> **Work request**: Drop the pictures and restate the rest of the listing word for word.

> **Recorded information**:
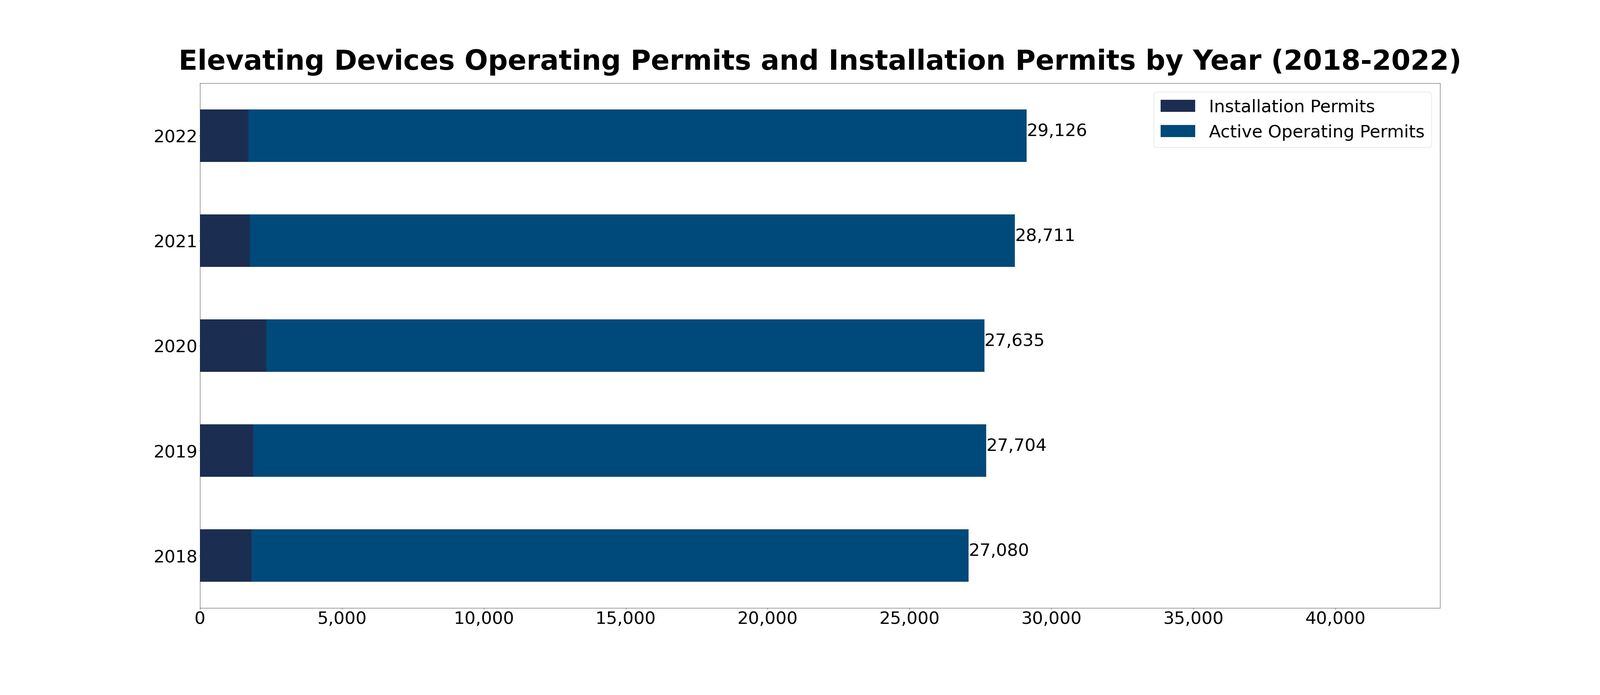 Elevating-Devices-Operating-Permits-Installation-Permits-2018-2022.jpg
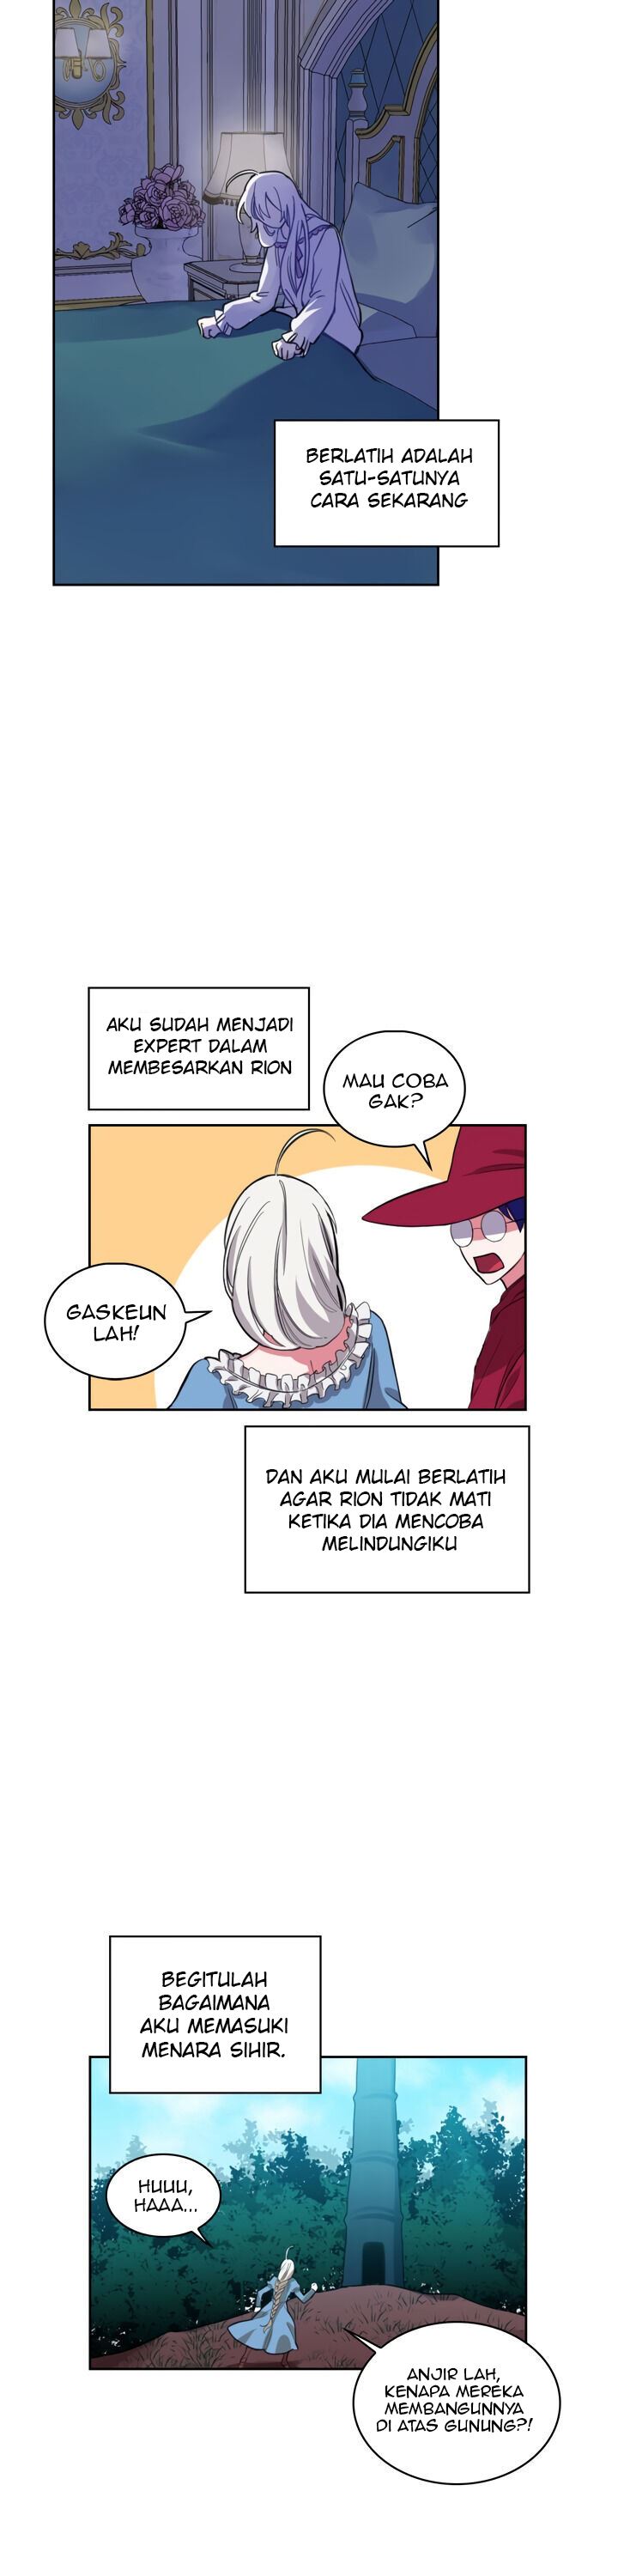 KomiknTouch My Little Brother and You’re Dead Chapter 1
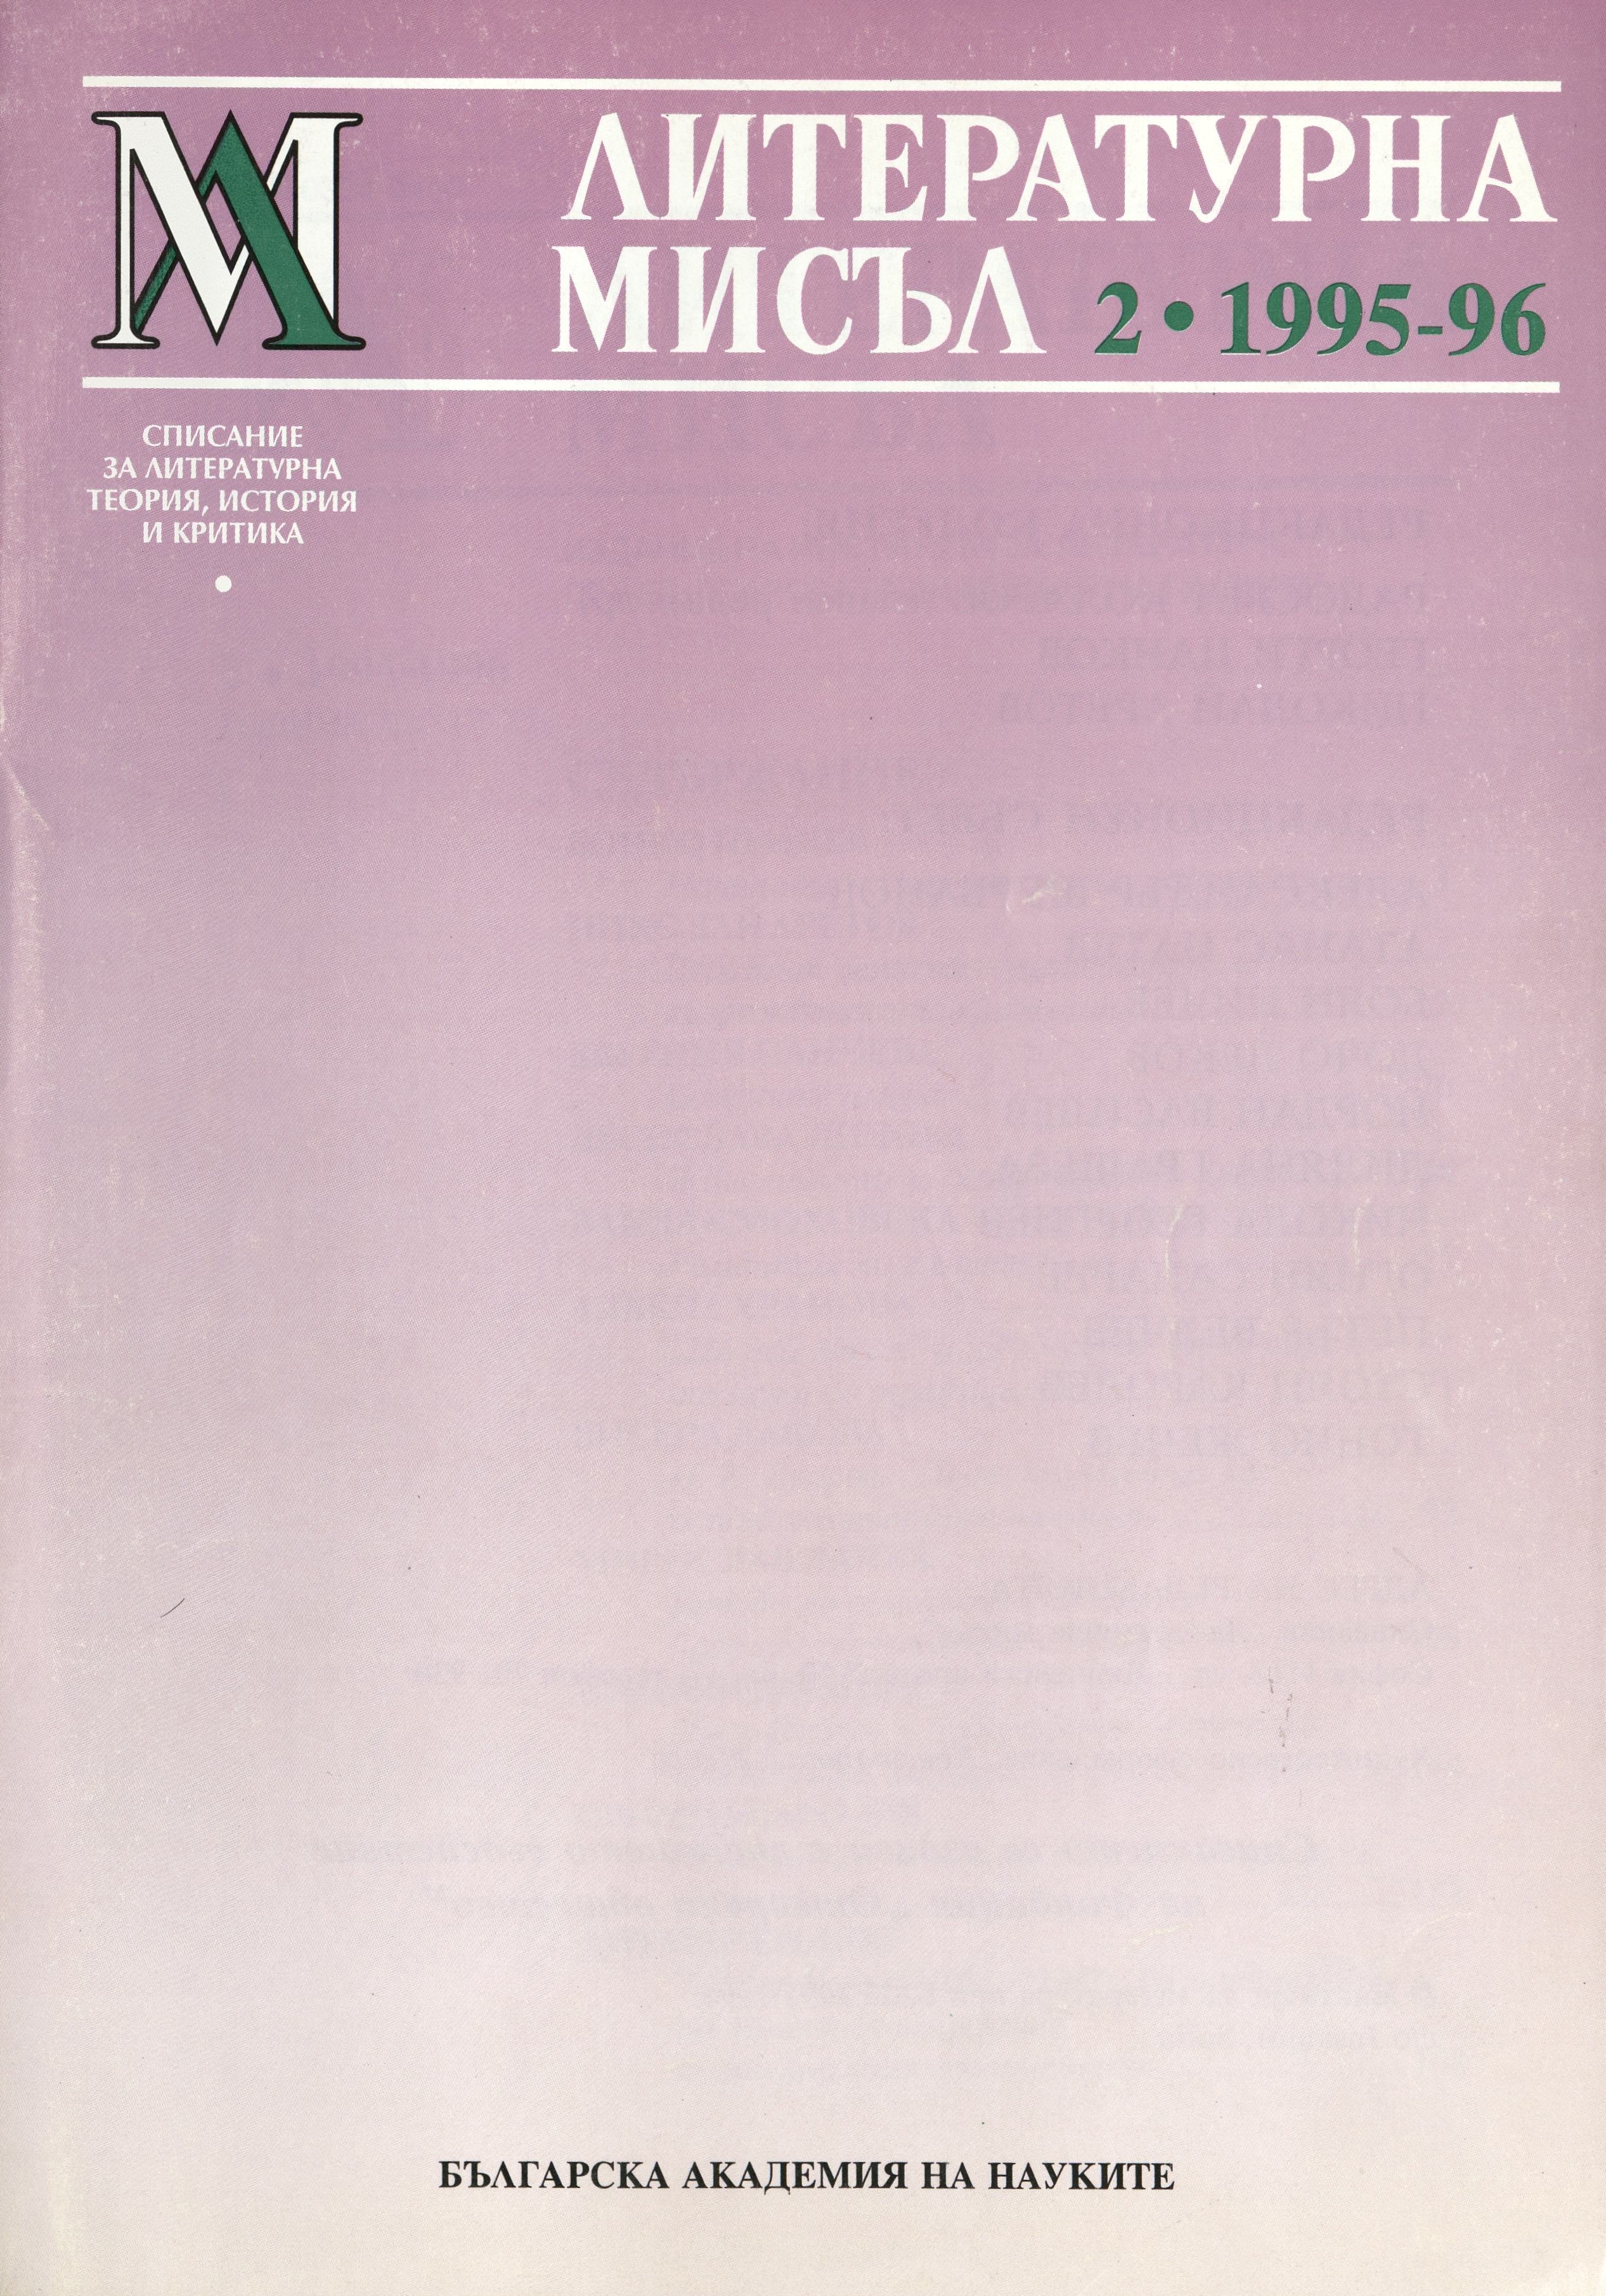 Issue 2, 1995-1996
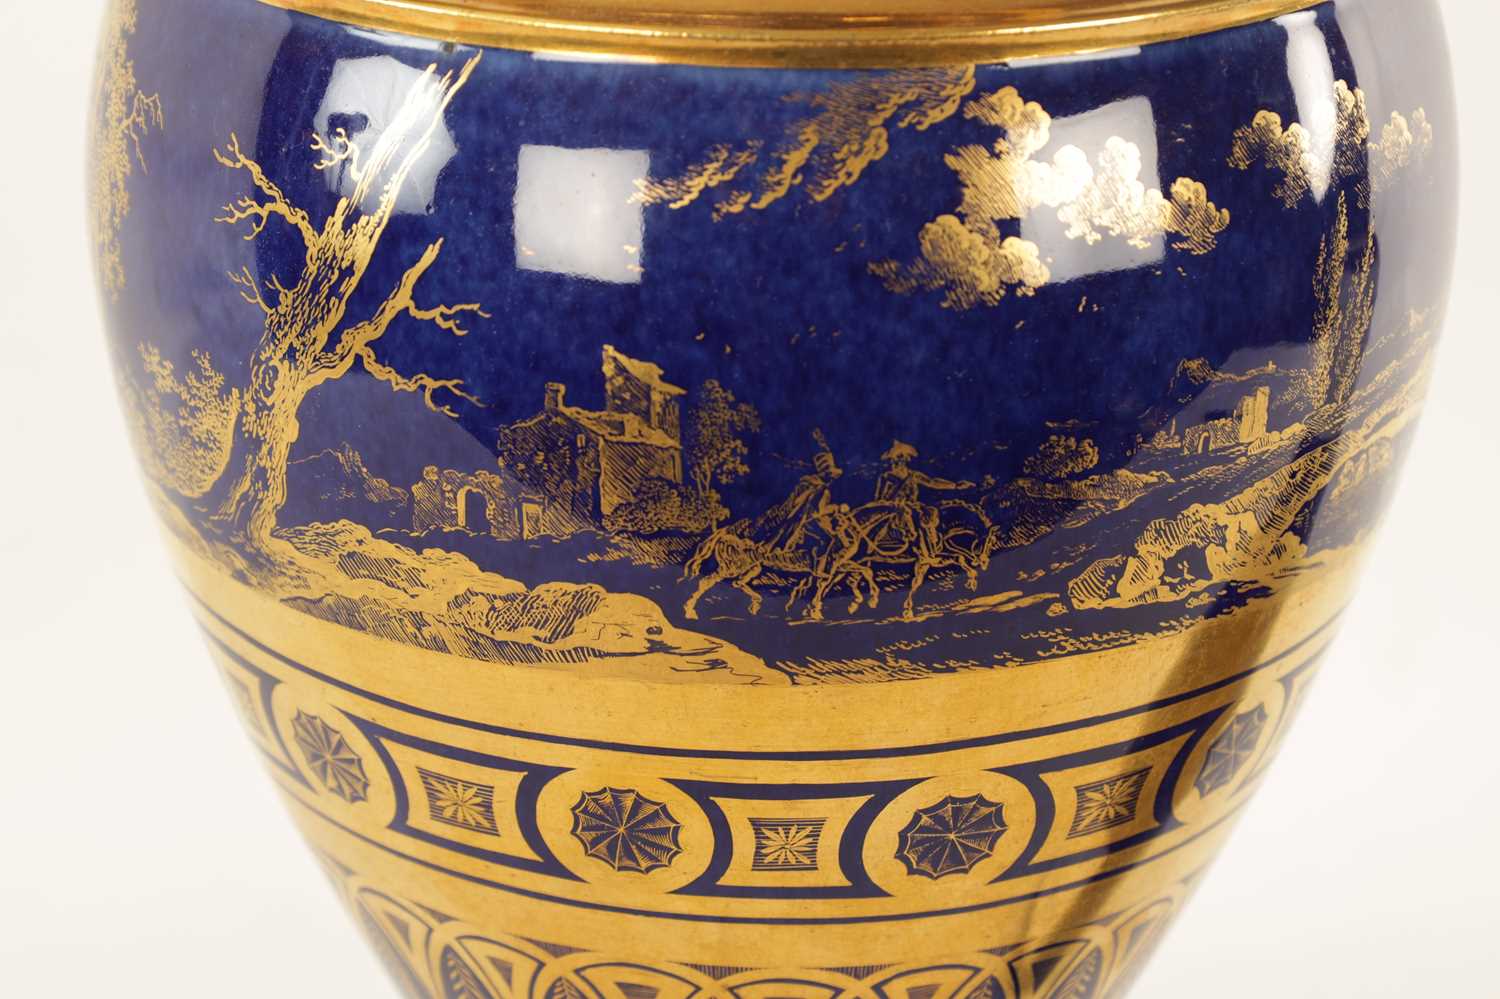 AN EARLY 19TH CENTURY FRENCH PARIS PORCELAIN ROYAL BLUE AND GILT URN SHAPED PEDESTAL VASE - Image 7 of 8

> **Output of the task**:
 Elevating-Devices-Operating-Permits-Installation-Permits-2018-2022.jpg
 KomiknTouch My Little Brother and You’re Dead Chapter 1
 Issue 2, 1995-1996
 AN EARLY 19TH CENTURY FRENCH PARIS PORCELAIN ROYAL BLUE AND GILT URN SHAPED PEDESTAL VASE - Image 7 of 8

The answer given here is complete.